▸ Directions:
Restate all the lines below word for word, but omit the pictures.

▸ Information supplied:
......
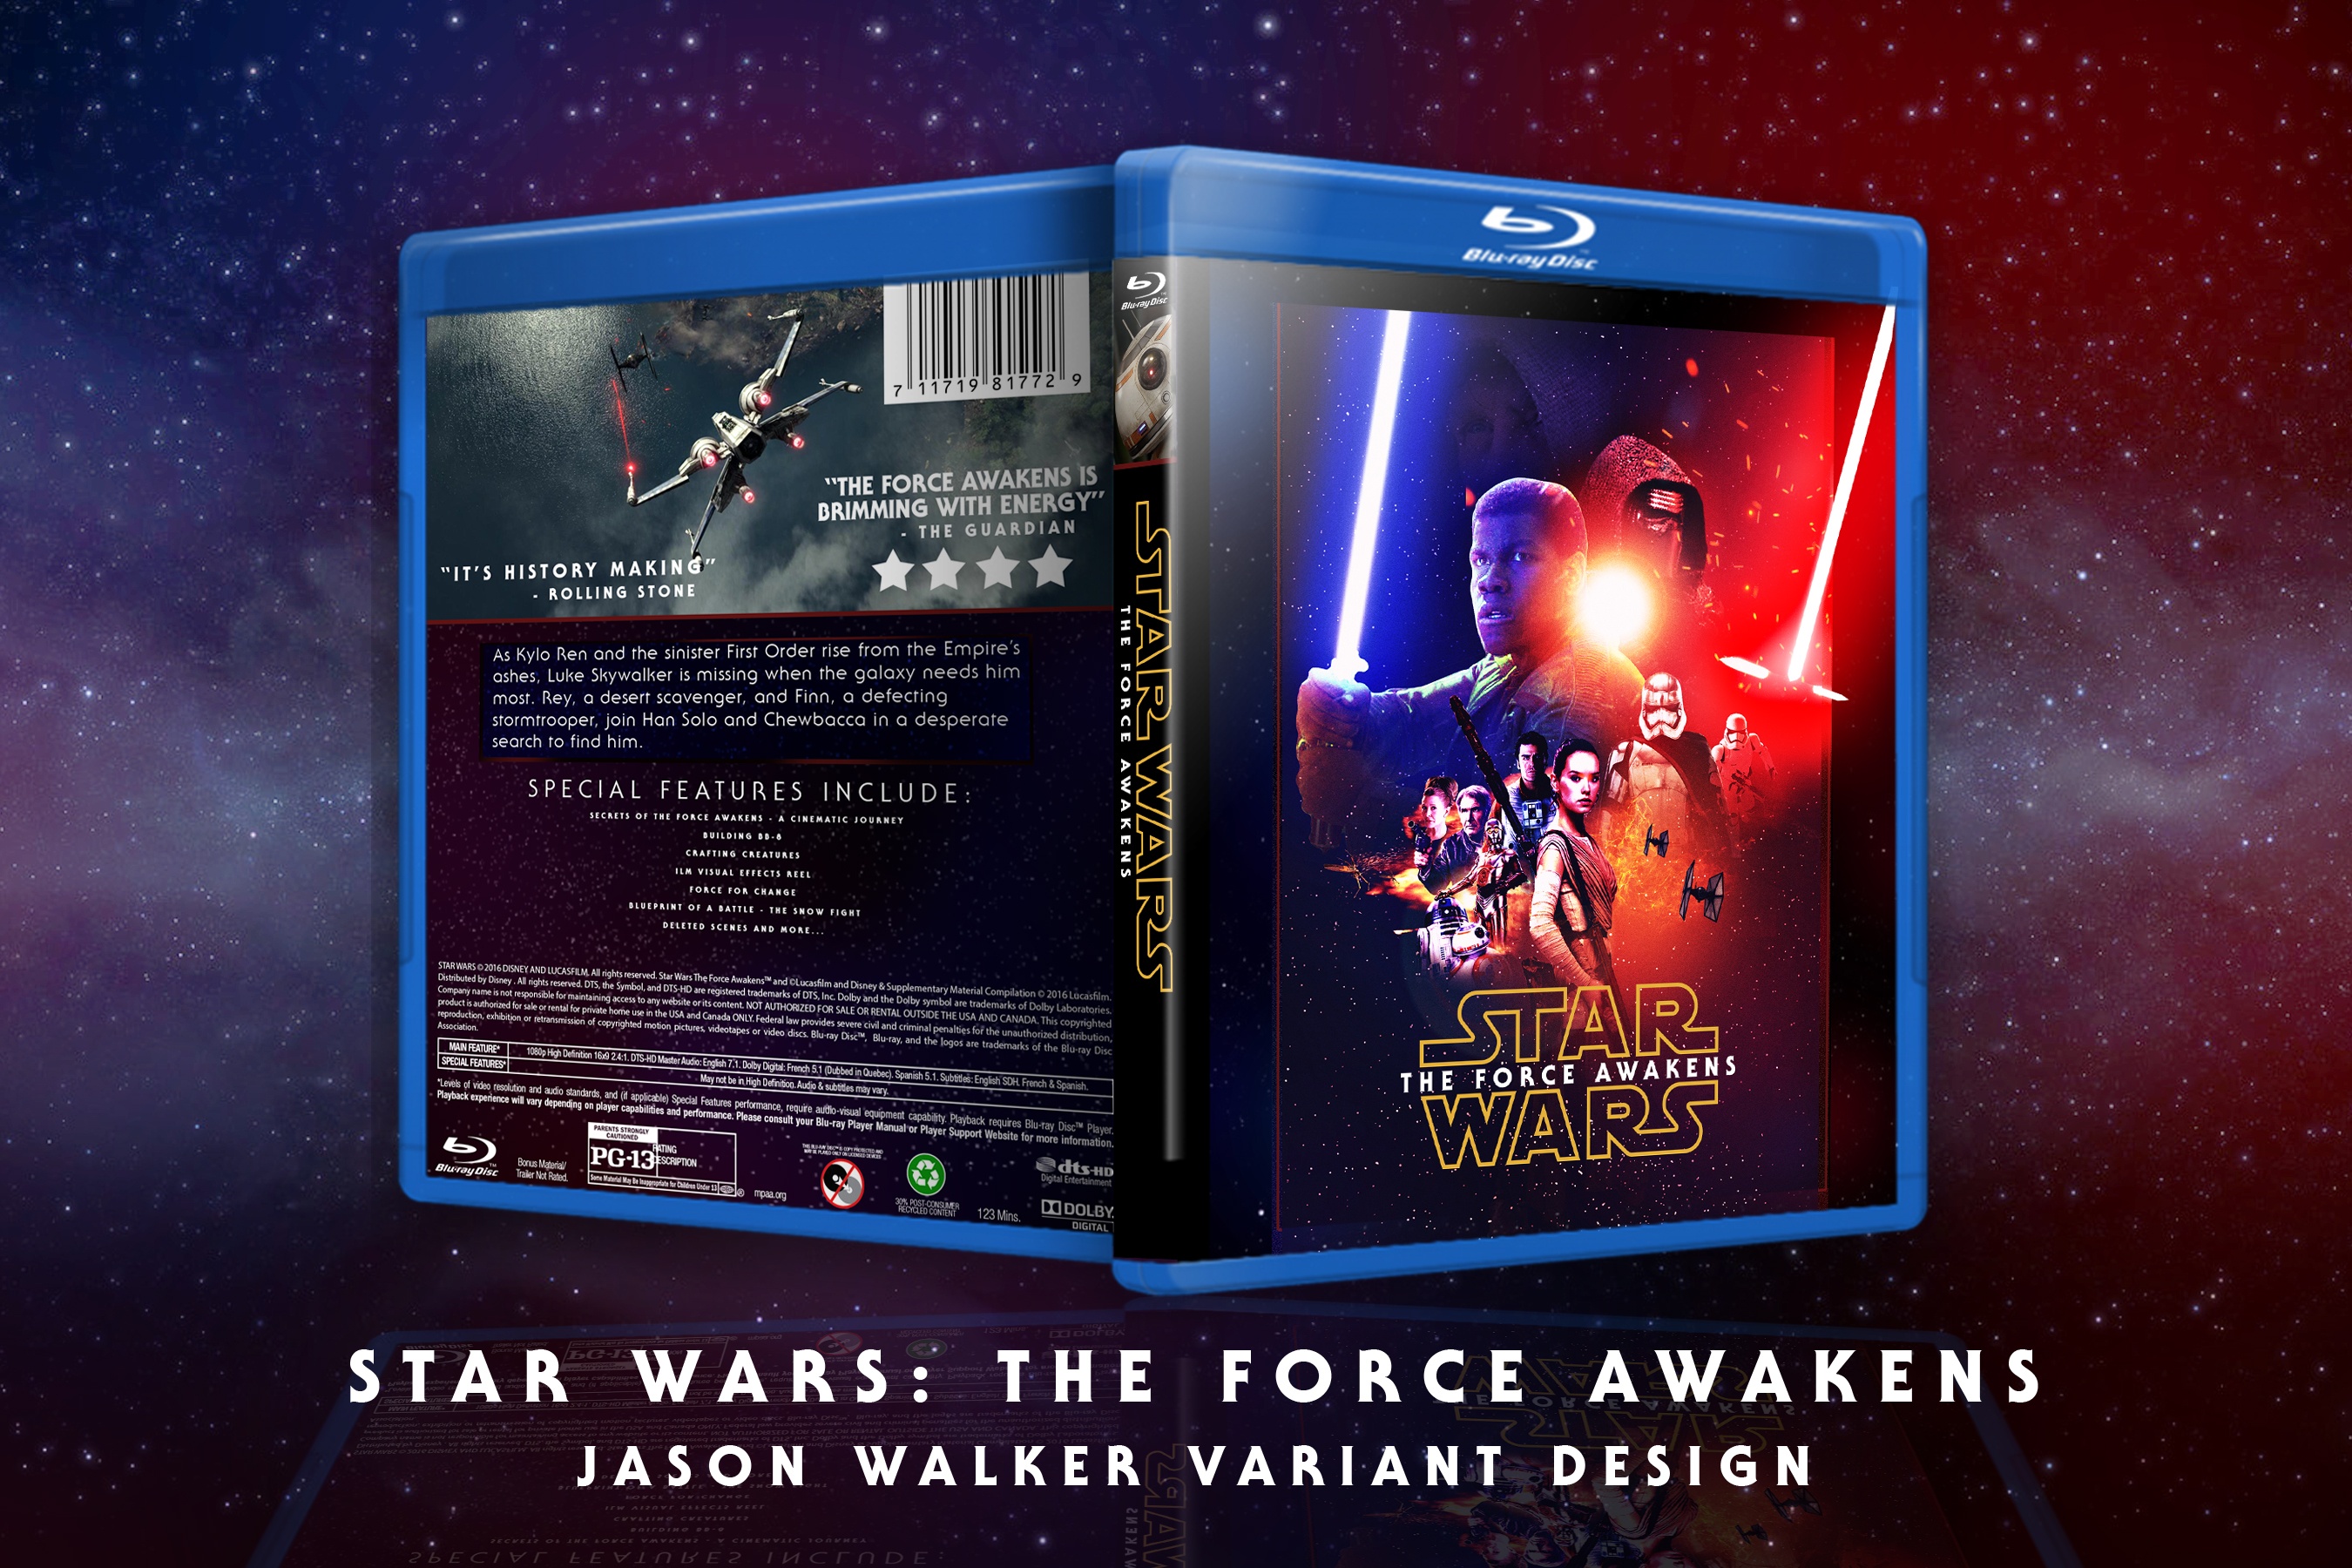 Star Wars: The Force Awakens box cover
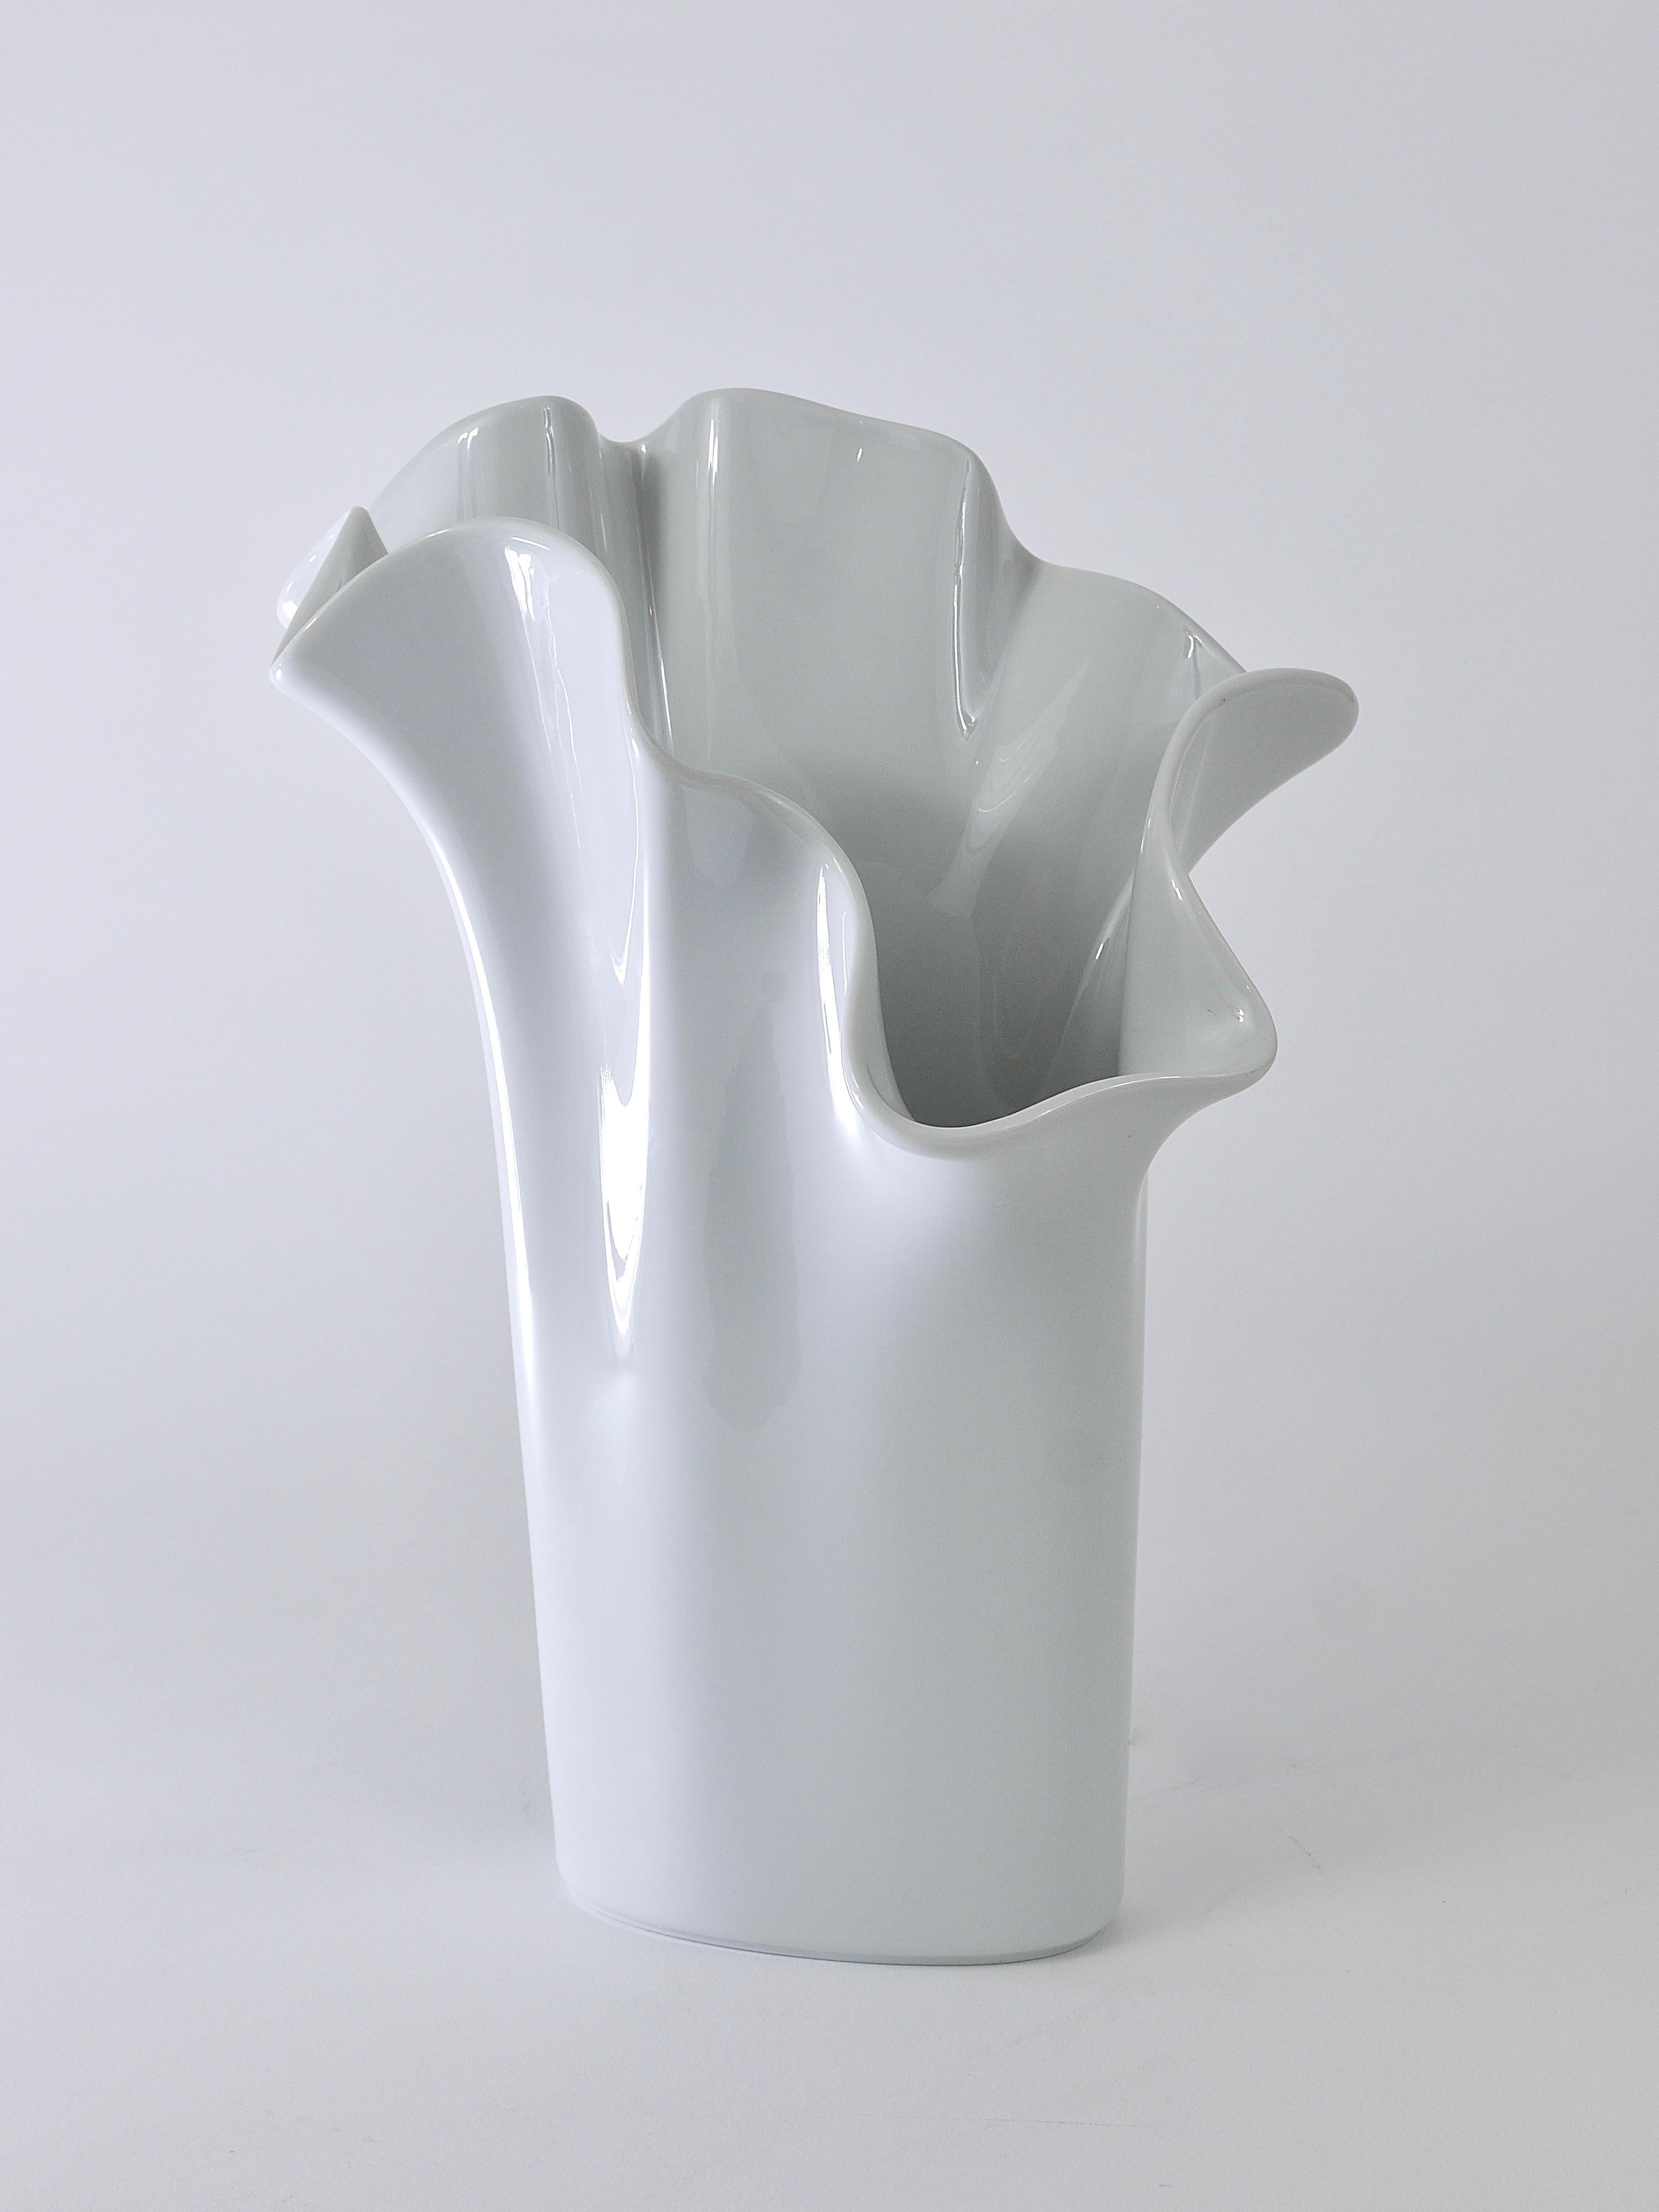 Rosenthal Studio-line Fazzoletto Asym Vase by Claus Josef Riedel, Germany, 1970s 6
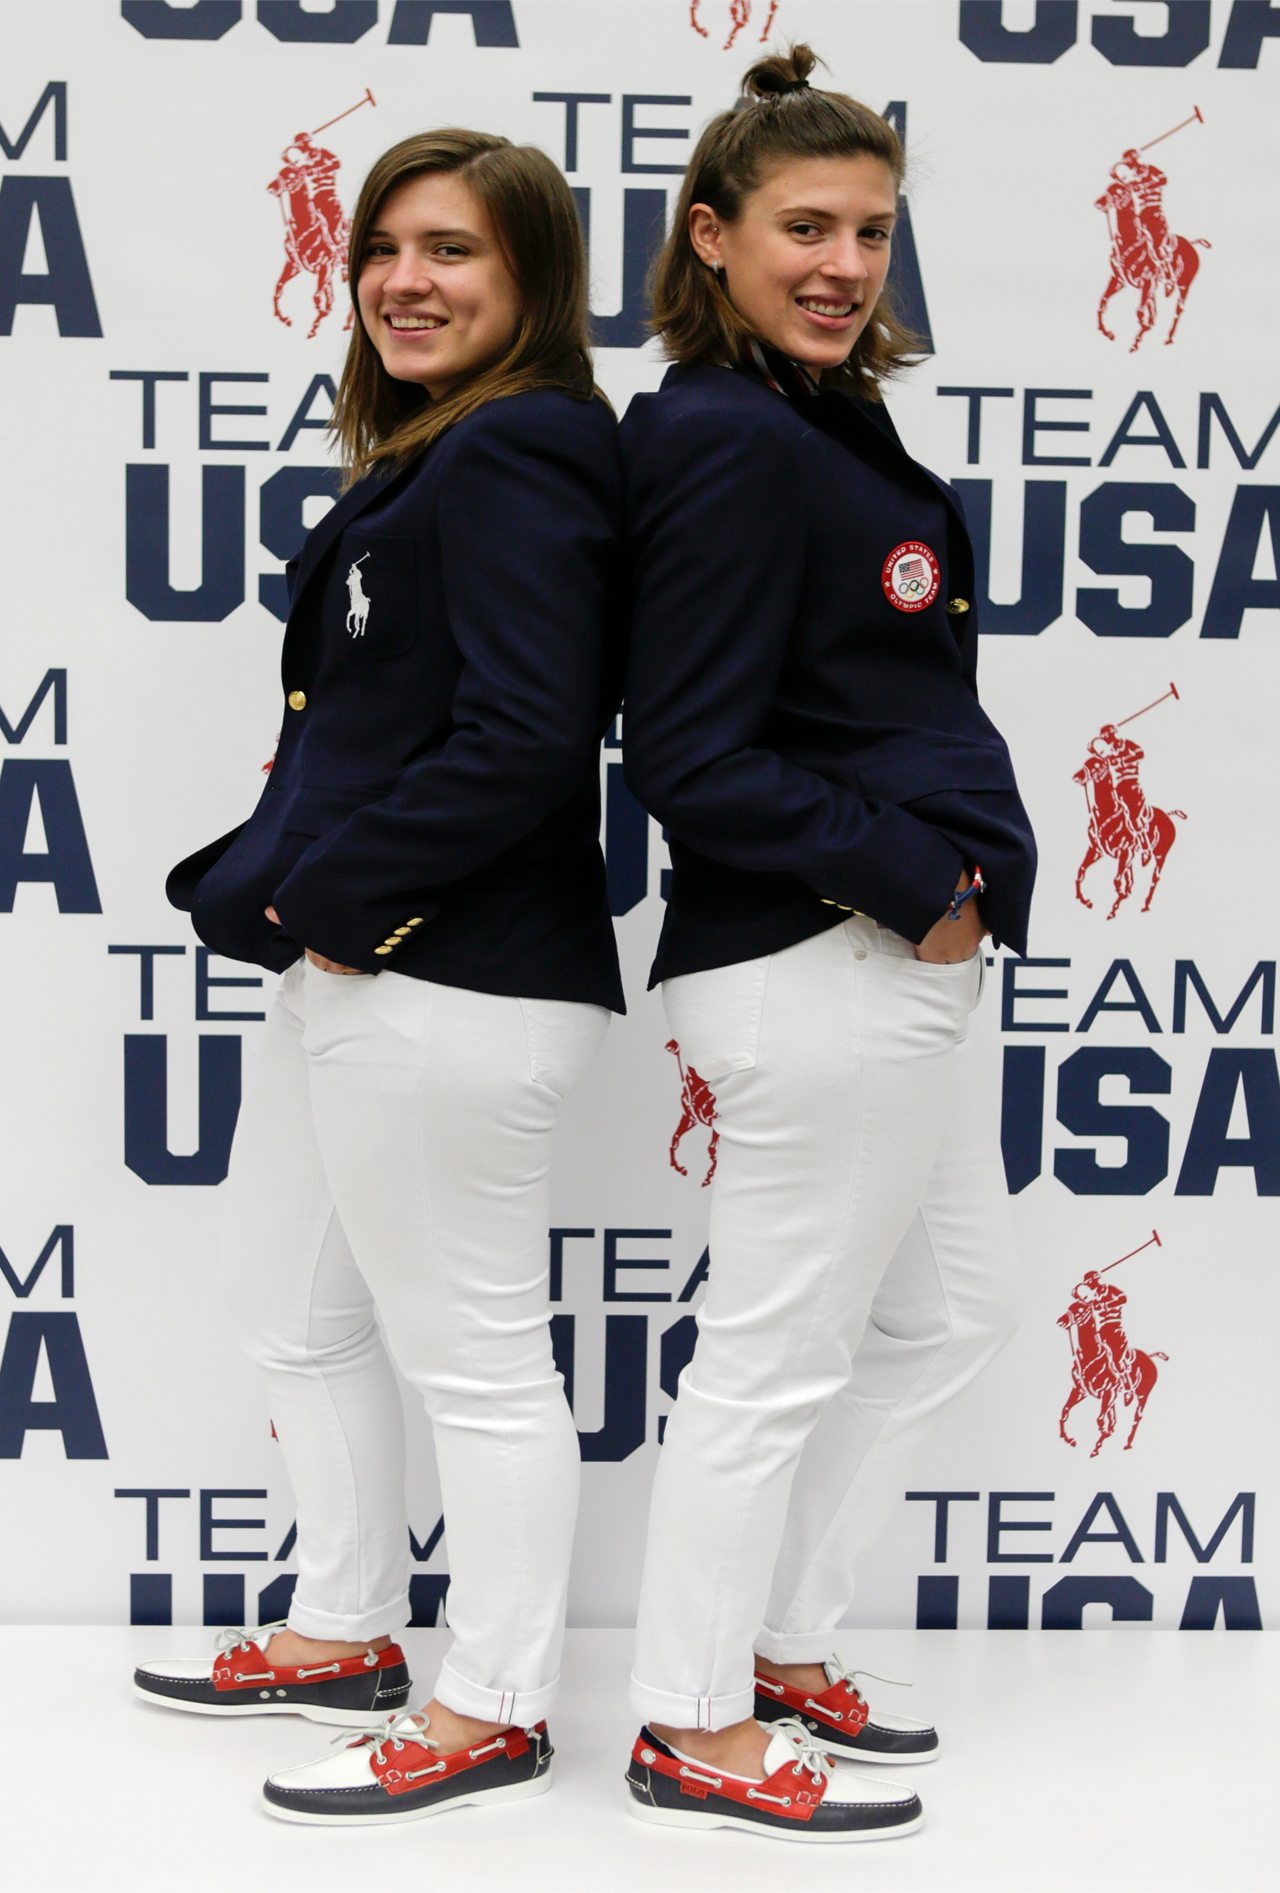 Red, white, blue and flashy: USA’s Opening Ceremony gear
......
▸ Result for this exercise:
 Star Wars: The Force Awakens box cover
 Rosenthal Studio-line Fazzoletto Asym Vase by Claus Josef Riedel, Germany, 1970s 6
 Red, white, blue and flashy: USA’s Opening Ceremony gear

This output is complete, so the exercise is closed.